#### [Description of the task]
Nothing but the lines from the one with "Marshall Artist Injection" through the end of the material should be retyped, word for word and without pictures.

#### [Collected material]
++++++++++++++++++++

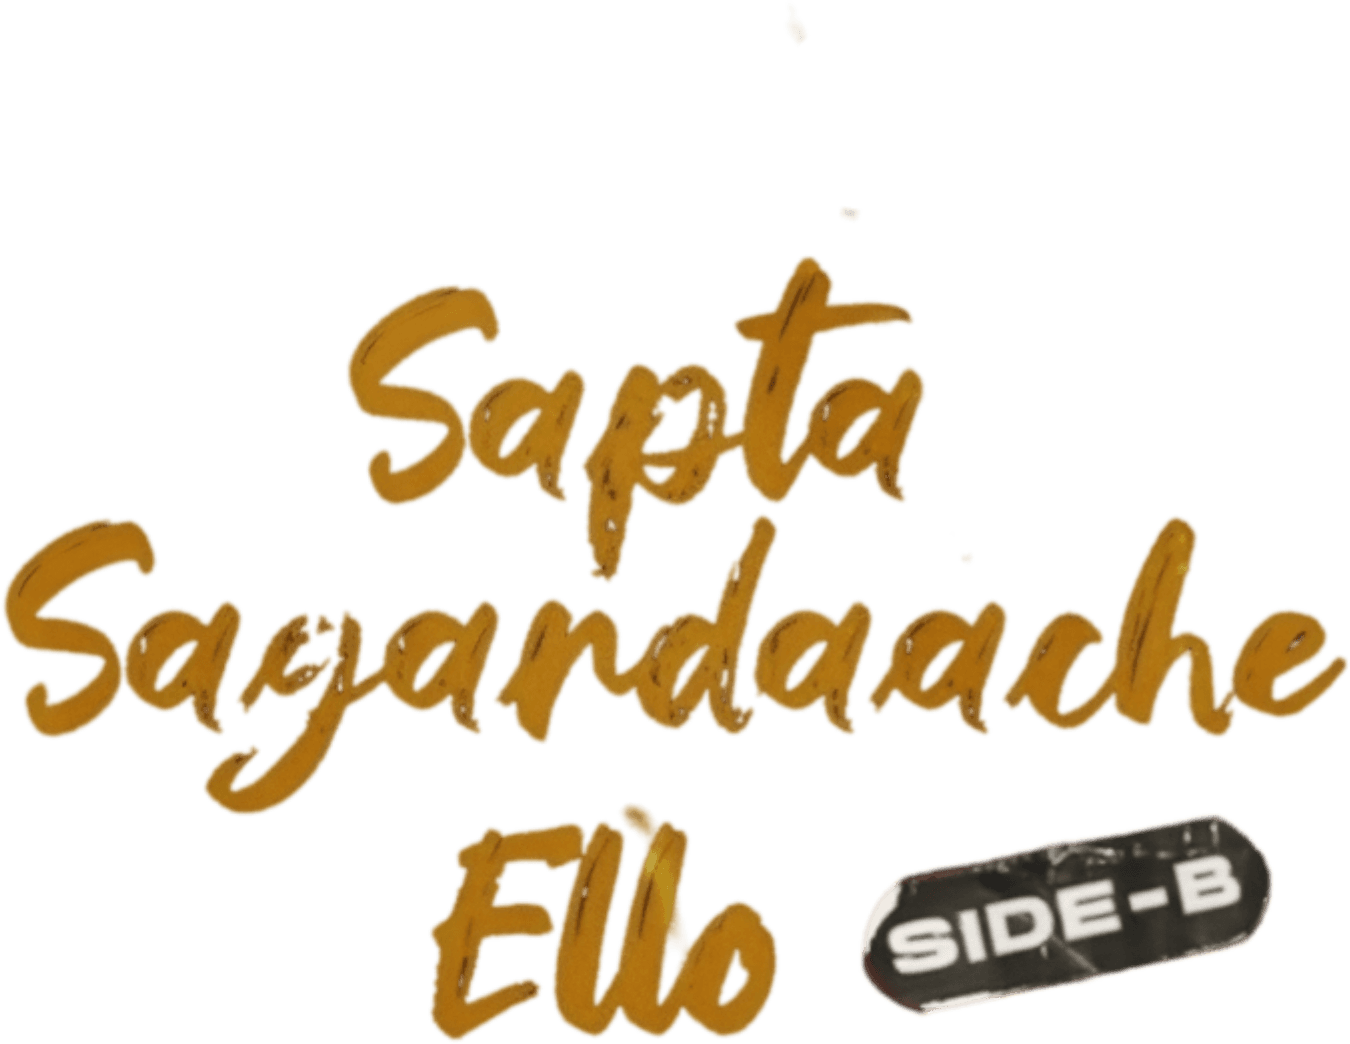 Sapta Sagaradaache Ello - Side B logo
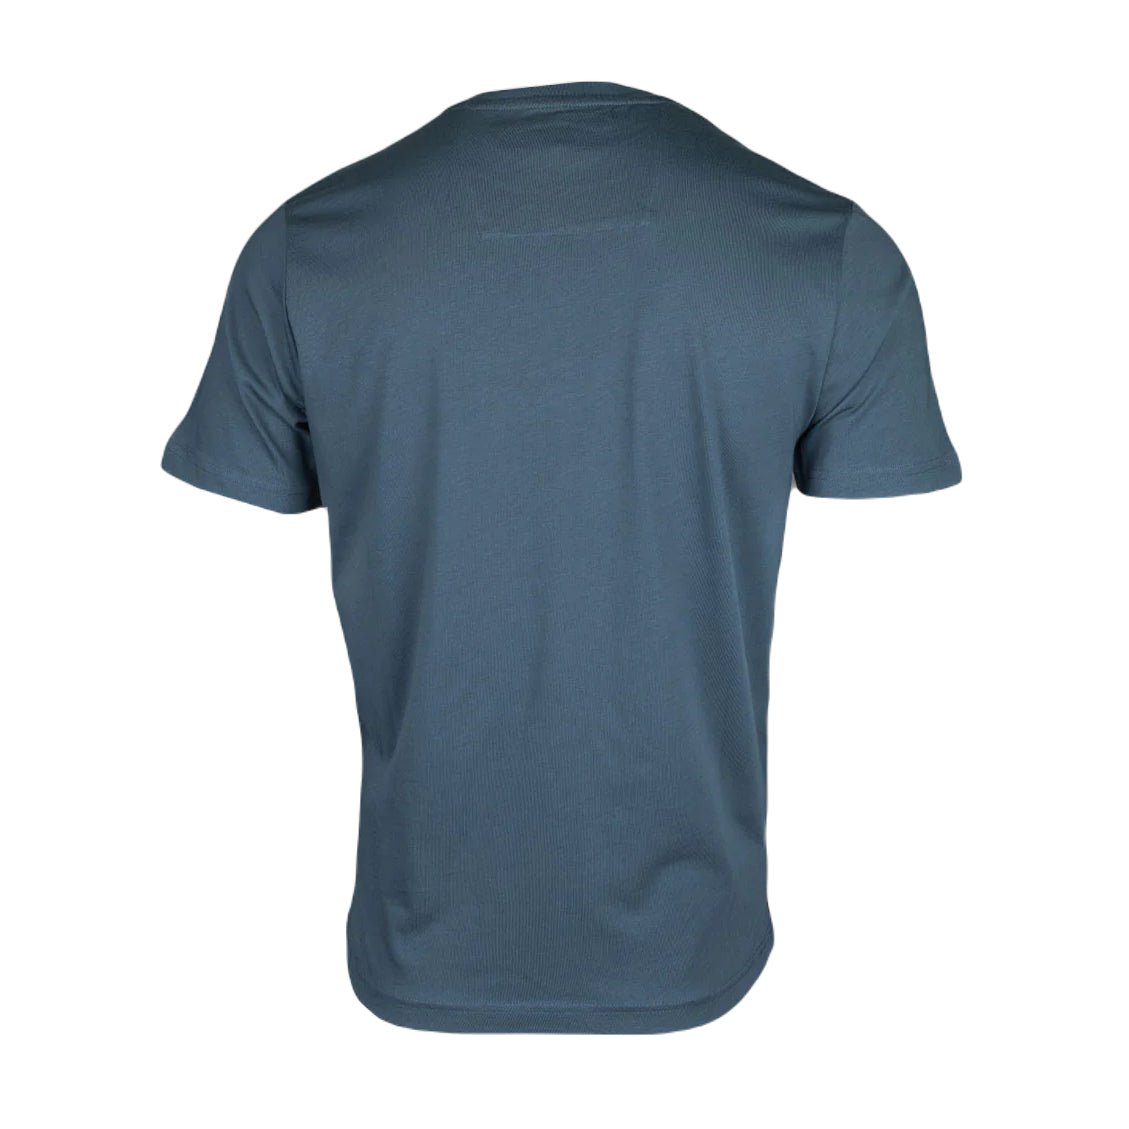 Marshall Artist Injection T-Shirt - Slate Blue - Escape Menswear
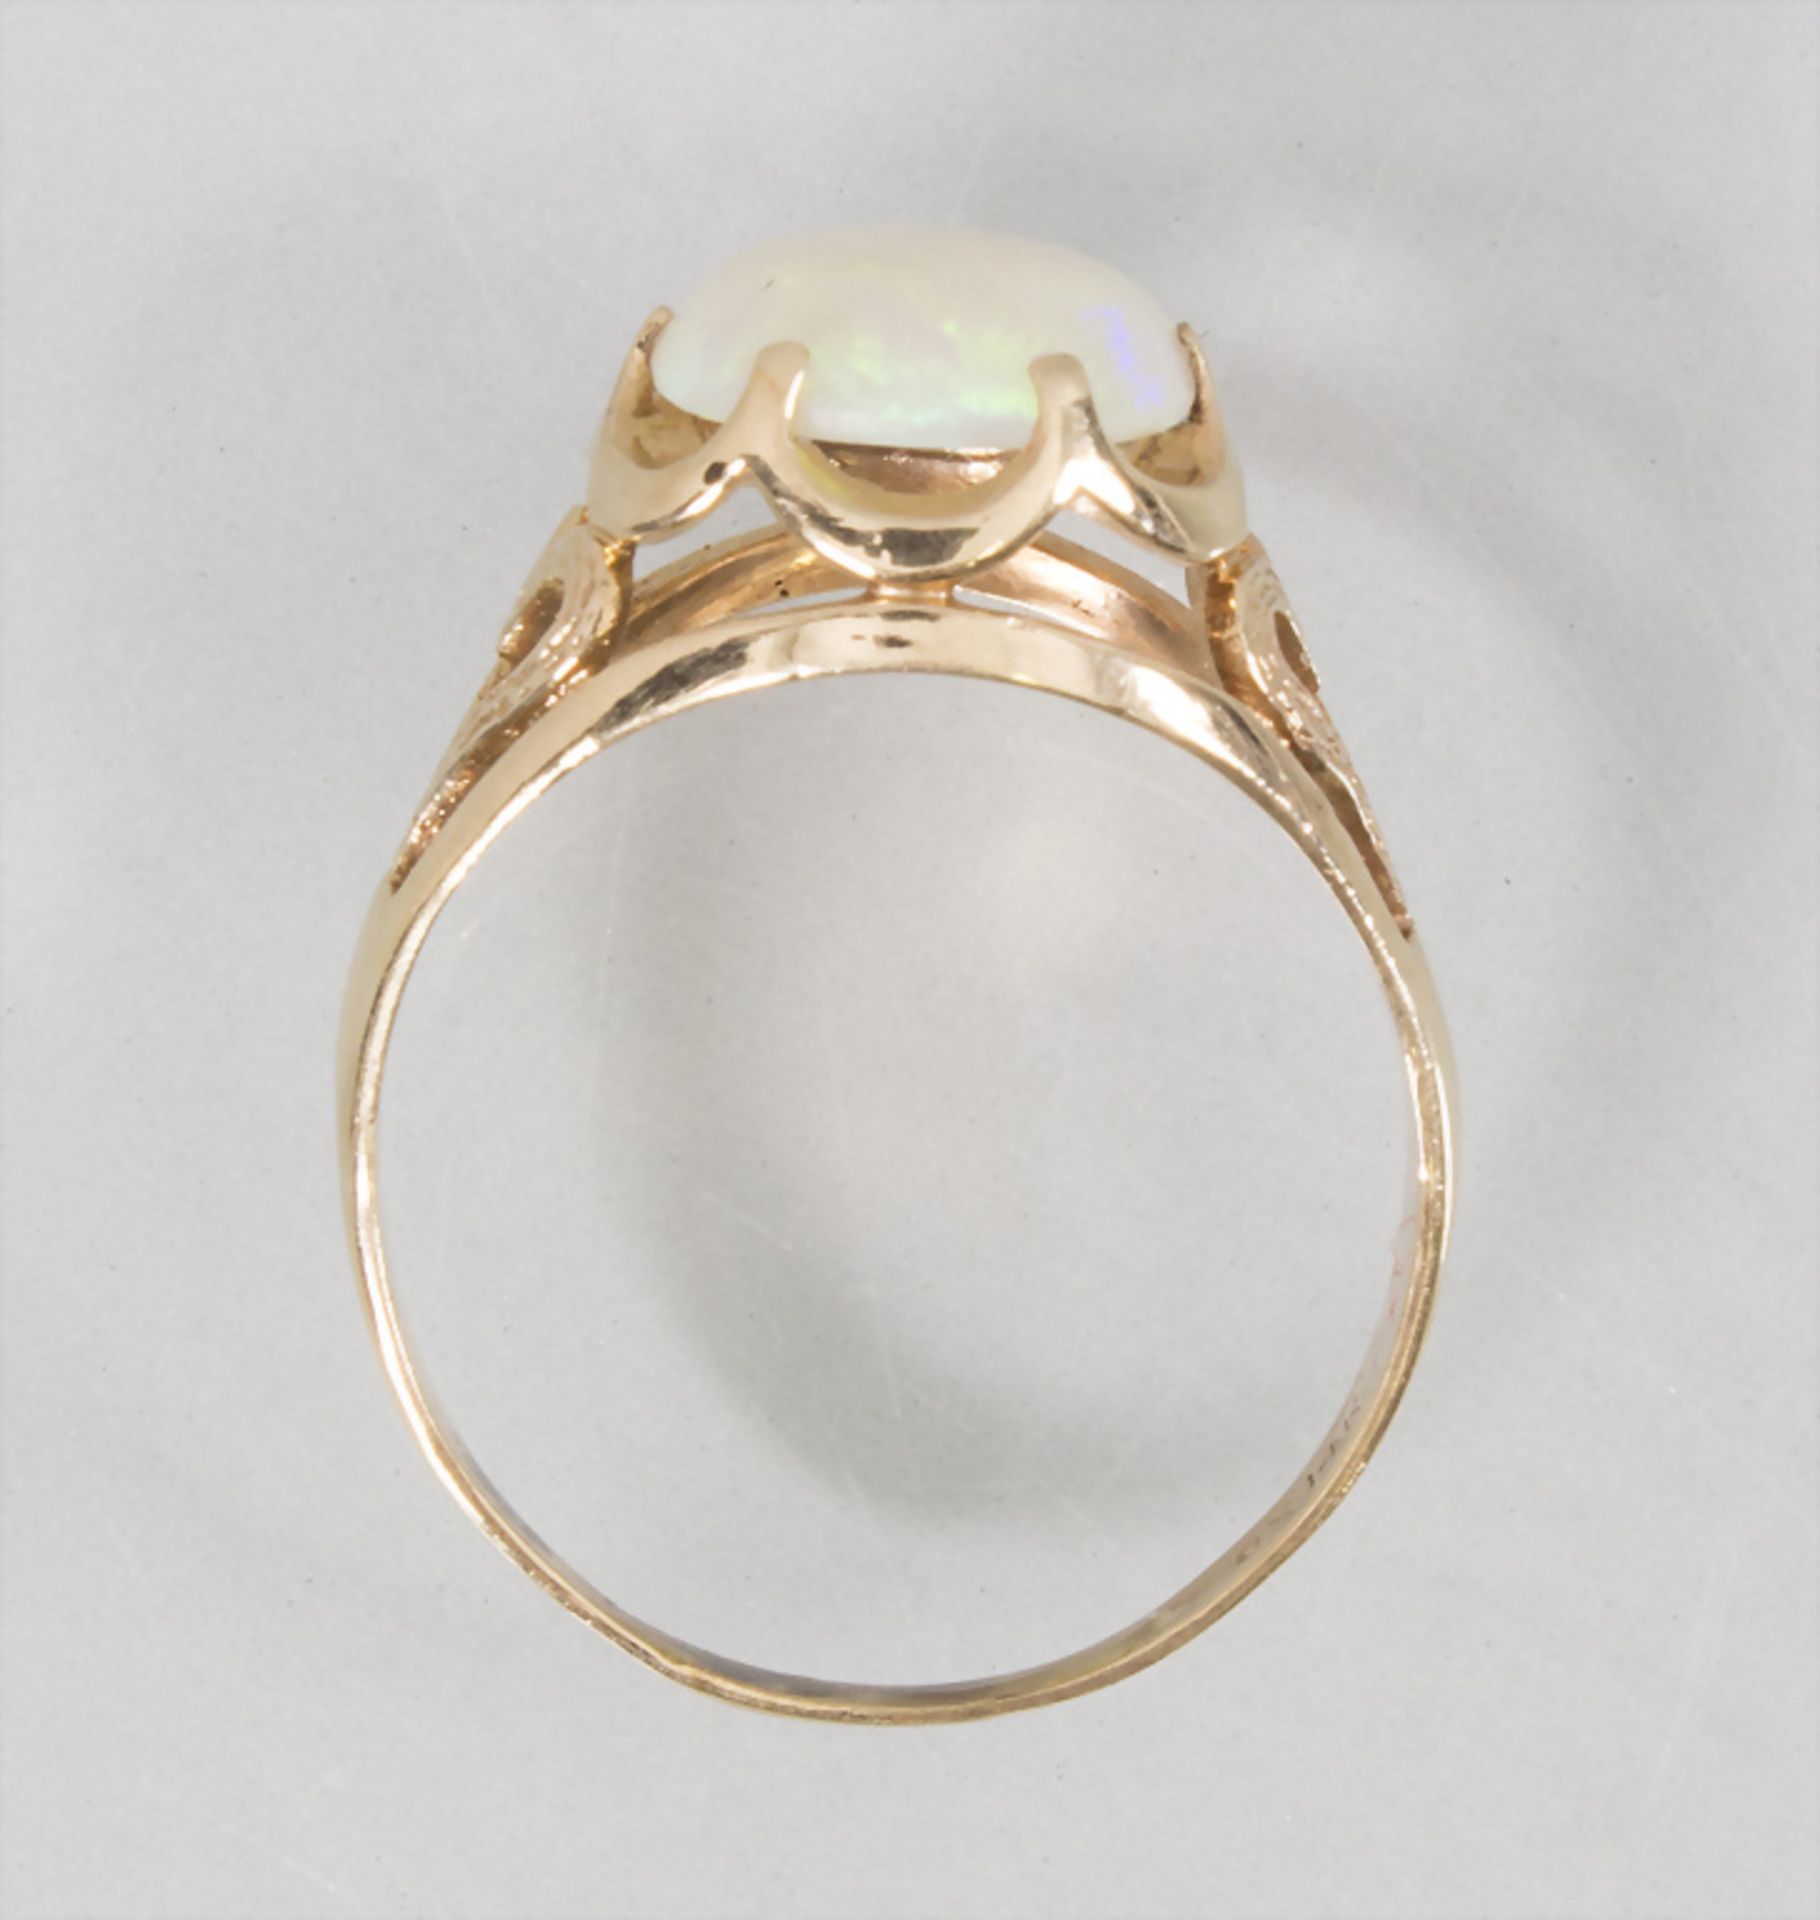 Damenring mit Opal / A ladies 14k gold ring with an opal - Bild 2 aus 4

++++++++++++++++++++

#### [Solved problem]
 Marshall Artist Injection T-Shirt - Slate Blue - Escape Menswear
 Damenring mit Opal / A ladies 14k gold ring with an opal - Bild 2 aus 4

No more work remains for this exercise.